Segment Start: Supplied material
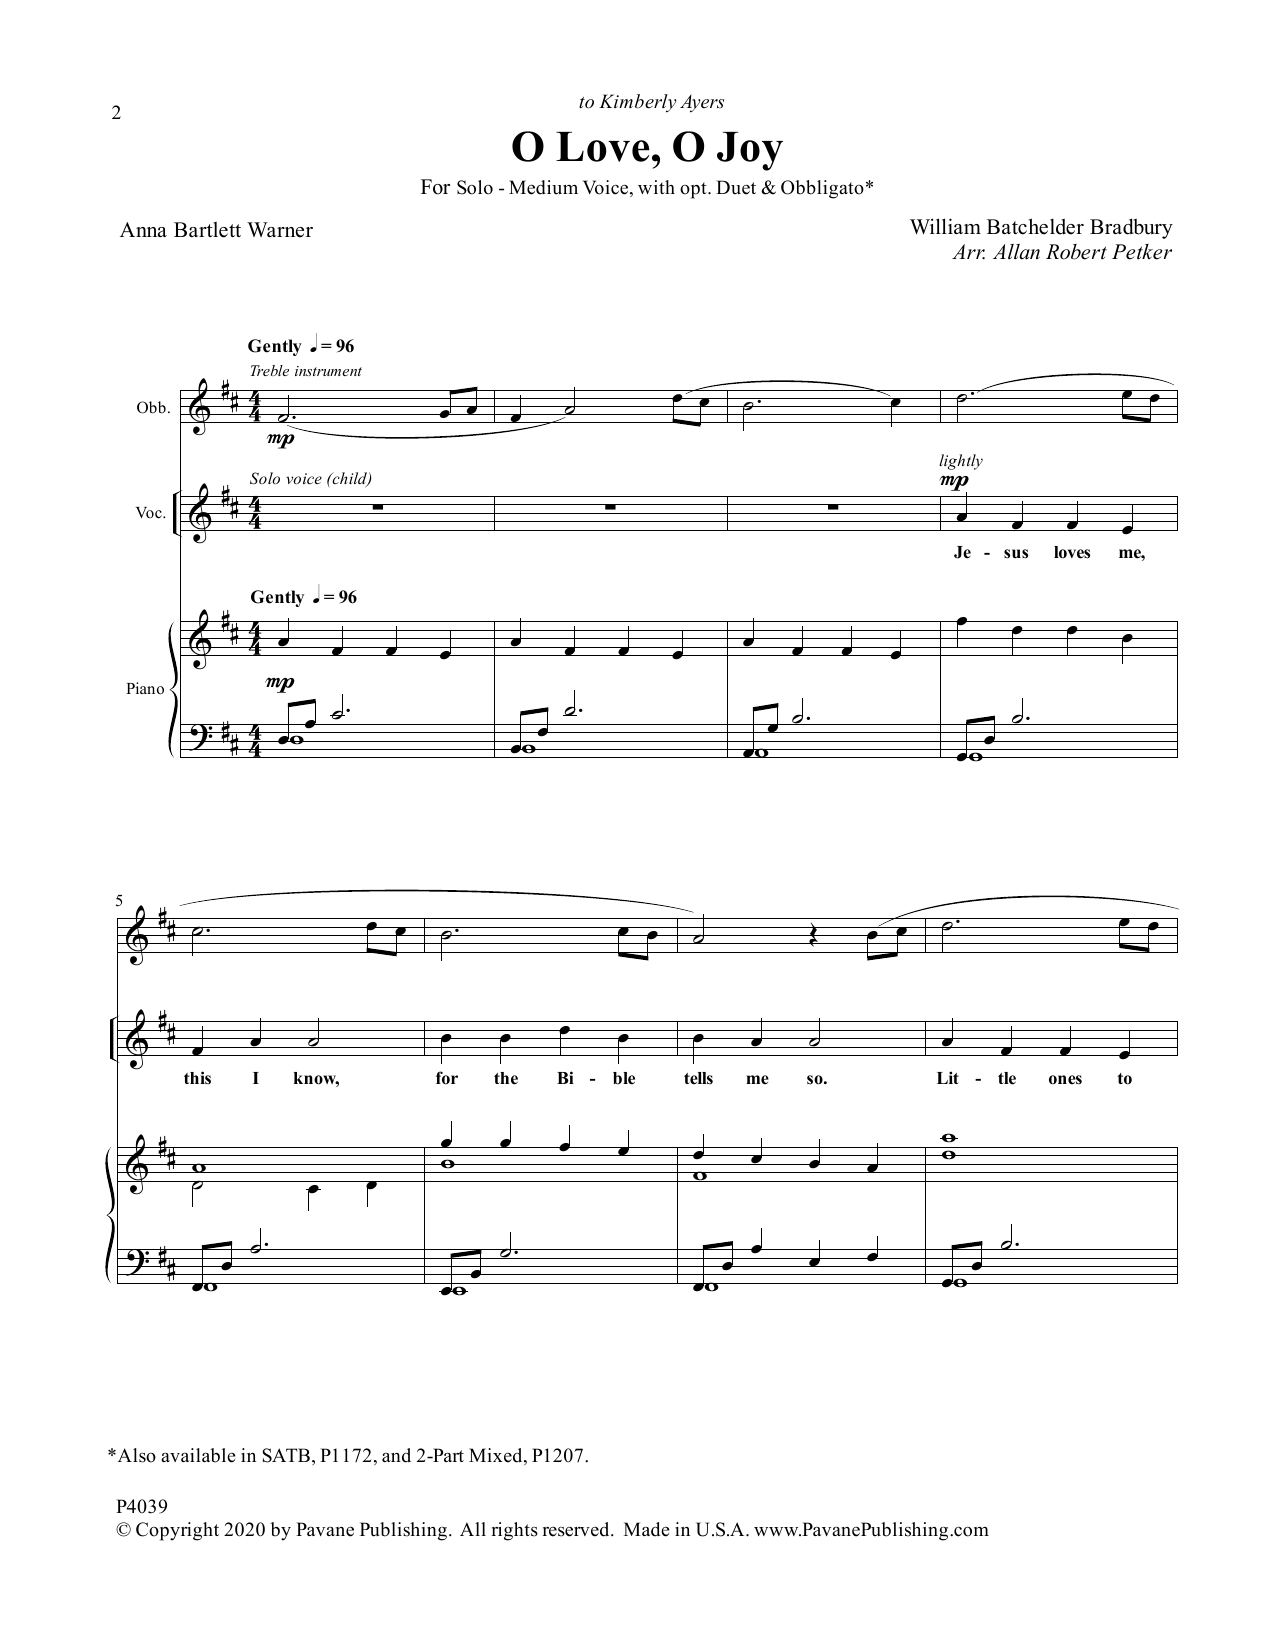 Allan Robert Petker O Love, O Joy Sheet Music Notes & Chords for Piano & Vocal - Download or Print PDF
Segment End: Supplied material
Segment Start: Supplied material
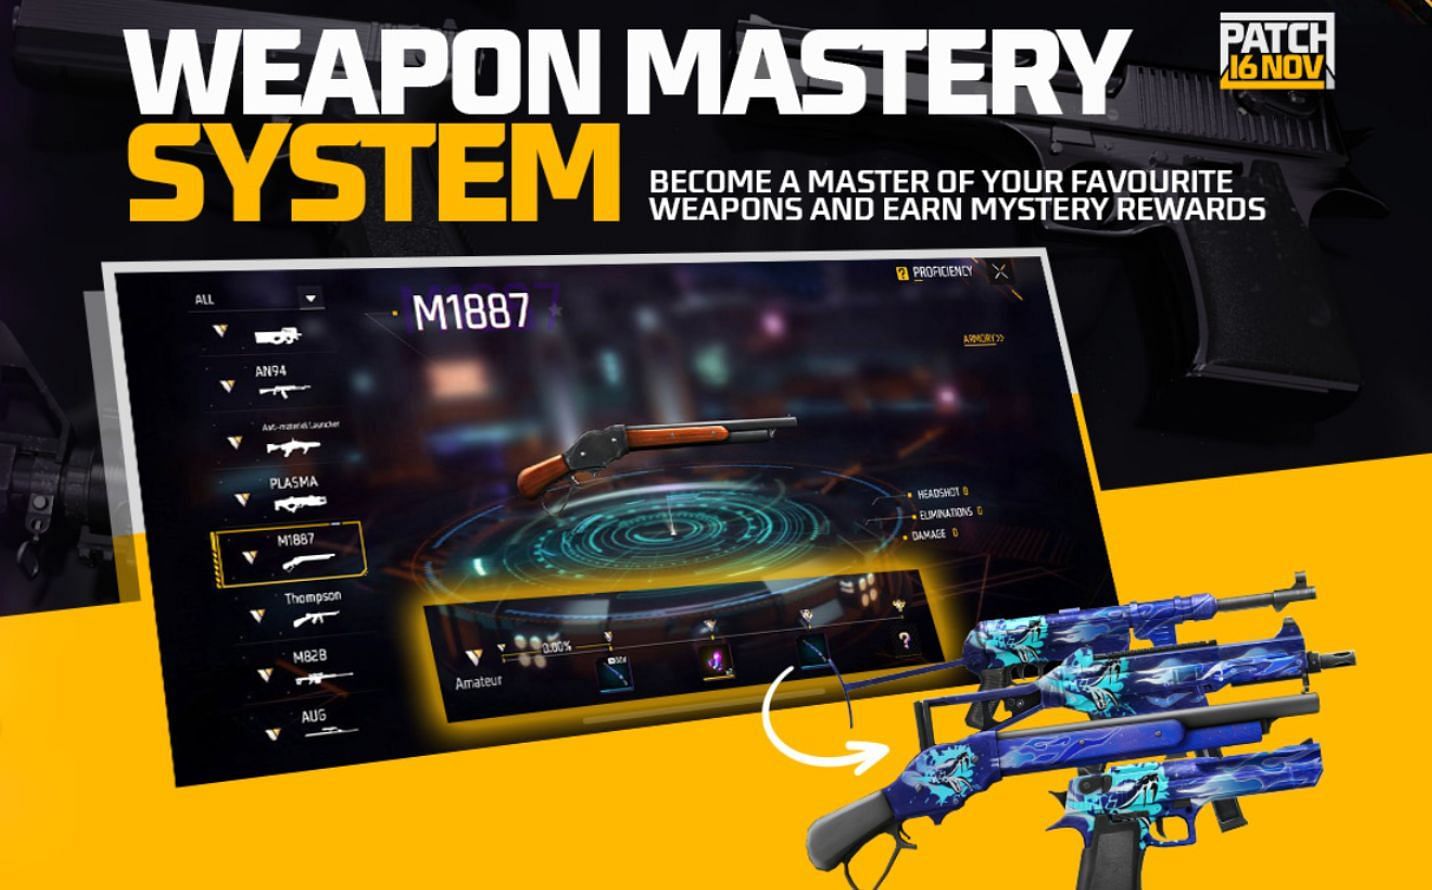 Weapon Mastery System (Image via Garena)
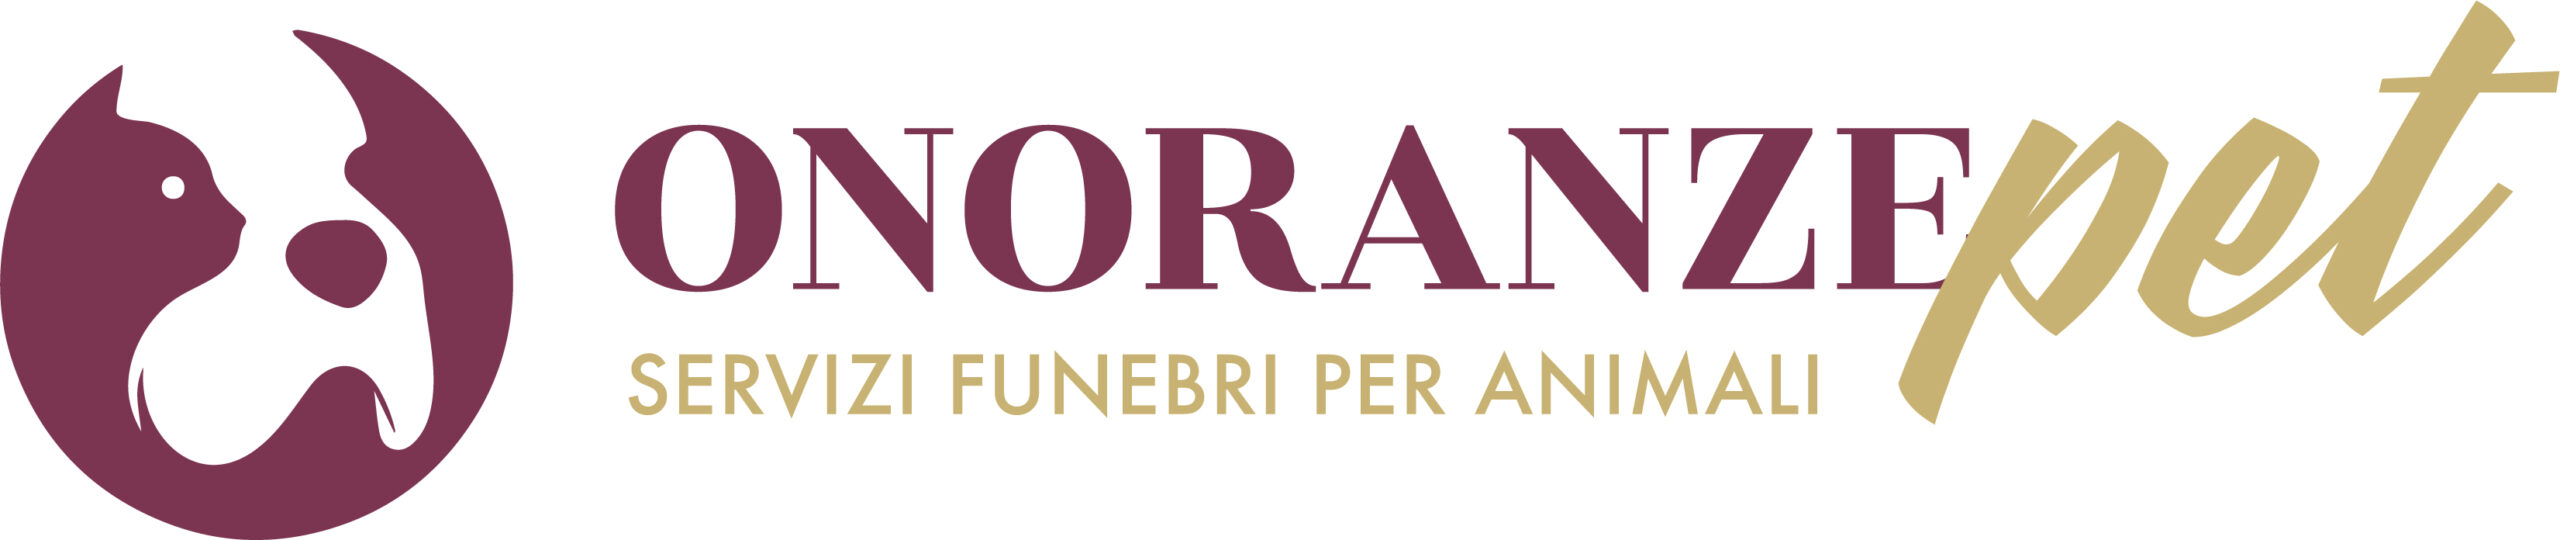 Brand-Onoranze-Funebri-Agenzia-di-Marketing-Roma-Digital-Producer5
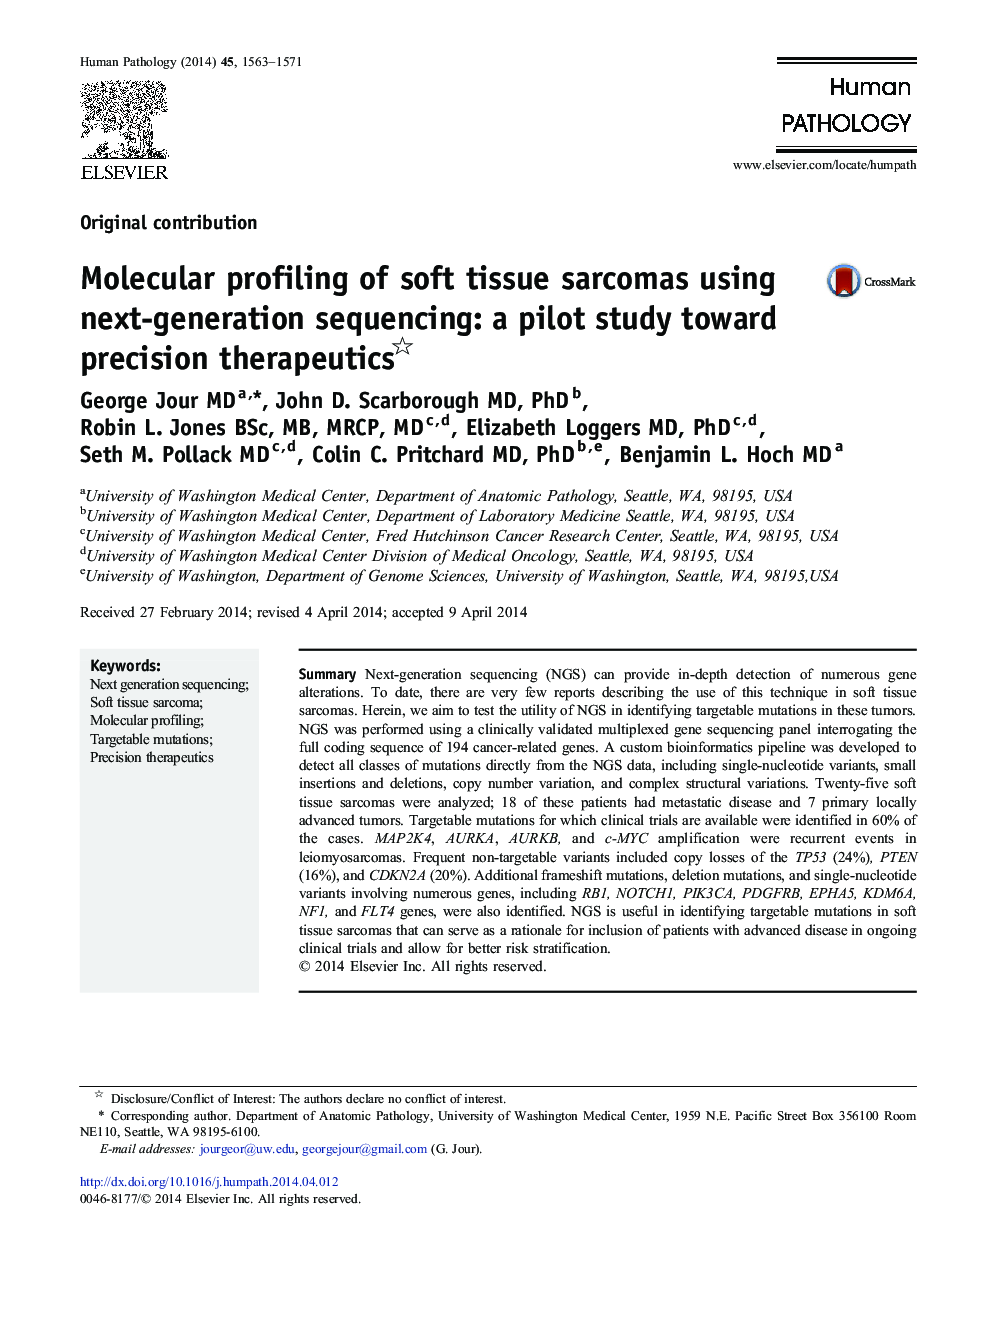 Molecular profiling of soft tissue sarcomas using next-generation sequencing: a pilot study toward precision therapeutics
Segment End: Supplied material
*Task item*: Starting from the line with "Weapon Mastery System (Image via Garena)" in the records above, repeat each line exactly until you have written the line with "Molecular profiling of", then stop; drop the pictures.

*Problem solution*:
 Weapon Mastery System (Image via Garena)
 Brand-Onoranze-Funebri-Agenzia-di-Marketing-Roma-Digital-Producer5
 Molecular profiling of soft tissue sarcomas using next-generation sequencing: a pilot study toward precision therapeutics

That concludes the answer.